Aku .. ak .. akkuu .. men ...!”
Aku
tahu terusan kata-kata yang tak mampu terucap saat itu. Kau sangat mencintai
ibu, walau tak bisa terucap kala itu. Senja di Stadion Wilis seolah ikut
melepas kepergianmu.
***
Untuk LIONADE ADITYA, You
Always become apart for AREMA dan Aremania. Semoga engkau tenang di alam sana,
Kawan ....
“Hari
ini tepat 9 tahun sejak kepergianmu, Kak.
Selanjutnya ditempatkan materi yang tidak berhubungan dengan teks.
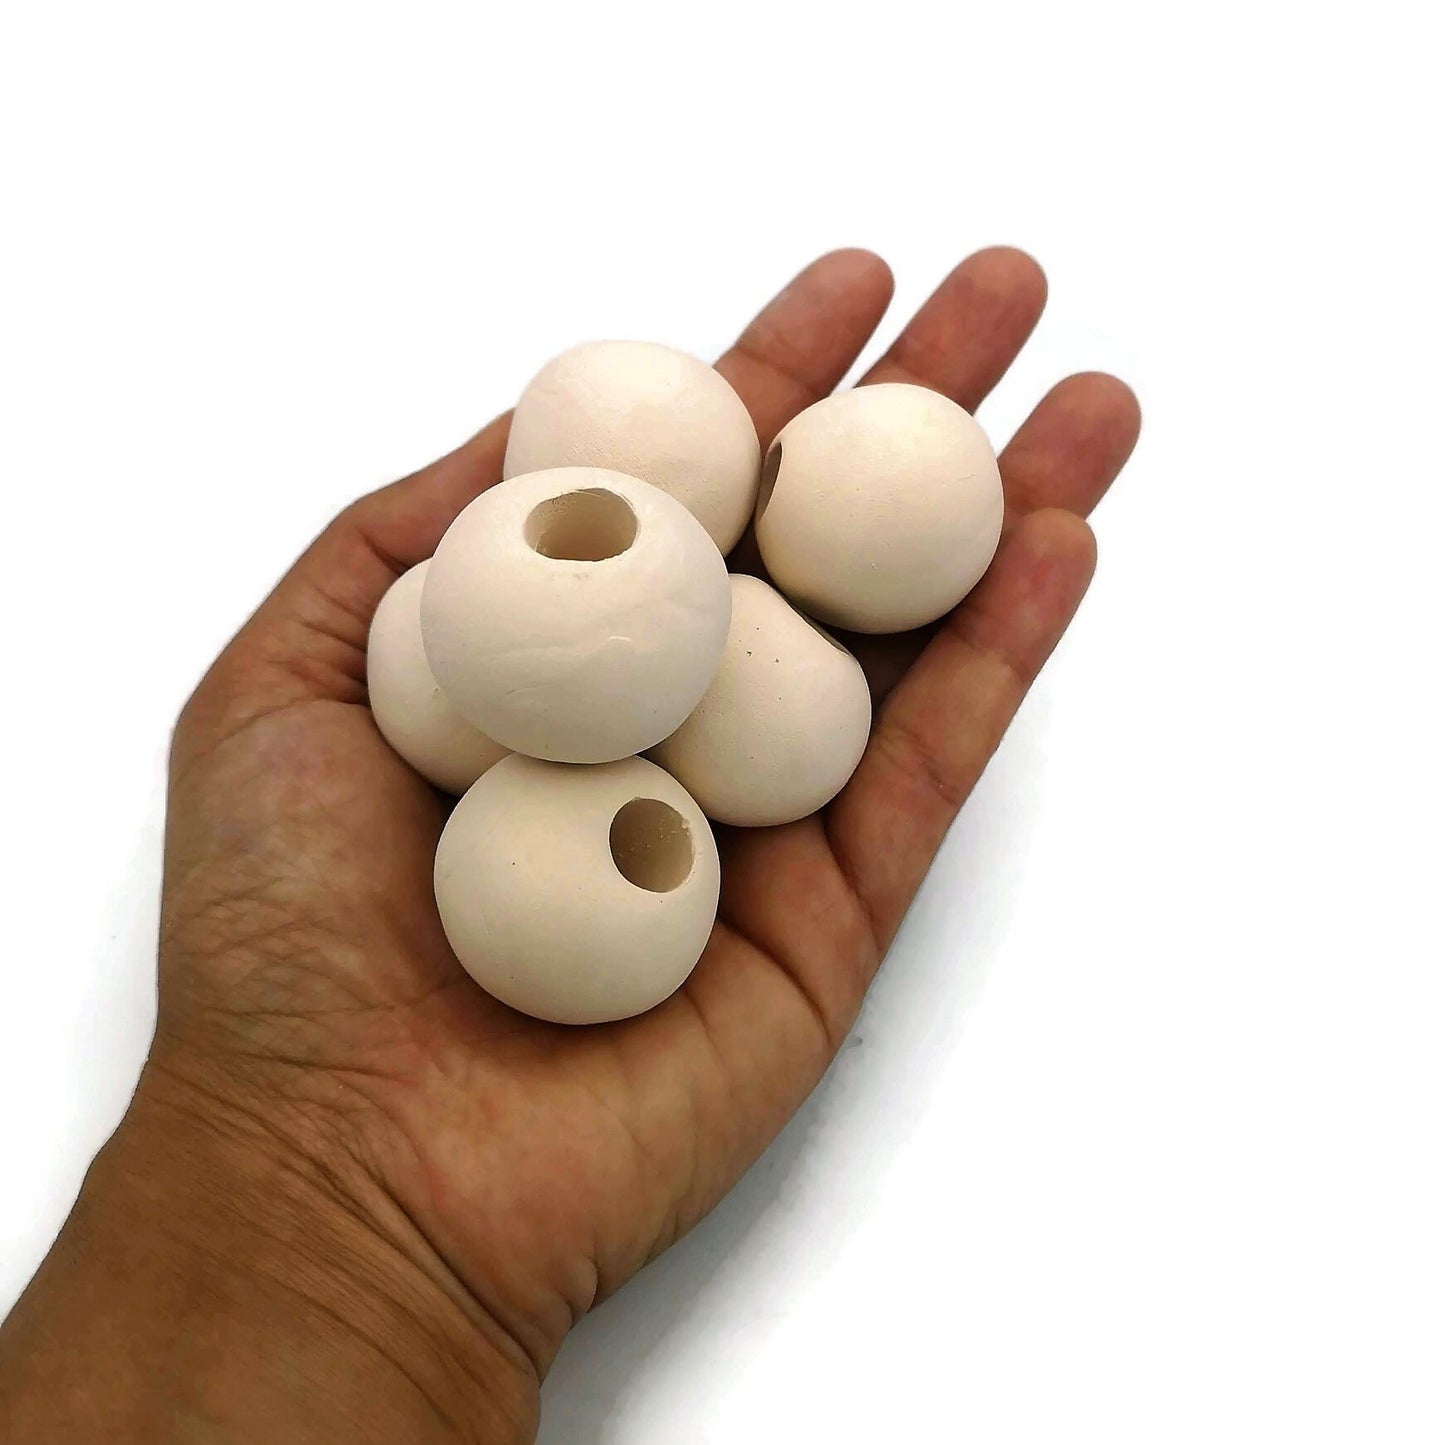 6Pc Handmade Ceramic Bisque Beads Ready To Paint, Oversized Beads for Jewelry Making Supplies Unglazed, Large Hole Macrame Beads Unpainted - Ceramica Ana Rafael

Banner sepanjang 20 meter terpampang
jelas di Stadion Wilis yang menjadi saksi bisu Fanatisme yang merenggut nyawamu
dan meninggalkan luka untuk orang-orang yang menyayangimu,” desisku sambil menghela
napas yang sedikit sesak.
Hening
dalam doa, semua terdiam dan memanjatkan doa untuk korban tragedi suporter yang
tak akan pernah terlupa dalam catatan hitam sepak bola Indonesia. Ratusan
Aremania dan Aremanita yang diikuti pula warga sekitar Madiun yang turut
berduka terlarut dalam suasana haru peringatan 9 tahun Madiun Disaster sore
ini.
“Ini hidupku, Dek. Tak peduli
orang memandang rendah derajatku sebagai suporter. Aku hanya ingin kau tahu,
Dek, sepak bola tak semengerikan yang orang-orang ceritakan padamu dan aku
ingin kau menjadi seorang Retropus (Suporter) yang kelak bisa mengubah
pandangan dunia tentang dunia suporter.” Ingatku tentang
ucapannya di saat terakhir.
“I
am Retropus, Kak dan aku berhasil memenuhi keinginanmu,” lirihku sambil
memandang fotomu yang tersenyum bangga dengan Jersey berlambang singa di dadamu
dan meletakkan sebuah buku, “I am
Retropus, Slide story of Madiun Disaster” karanganku di sebelahnya.
“Terima
kasih telah mengajariku duniamu, Kak,” lirihku lagi sambil berlalu mengikuti
jejakmu sebagai seorang retropus.
Sebuah Fanatisme yang terkadang merenggut nyawa orang yang kita sayang, namun tak sepantasnya ada balas dendam yang berkepanjangan. Darah tak seharusnya dibalas dengan darah, karena dibalik darah yang tertumpah selalu ada air mata orang-orang yang kita sayang.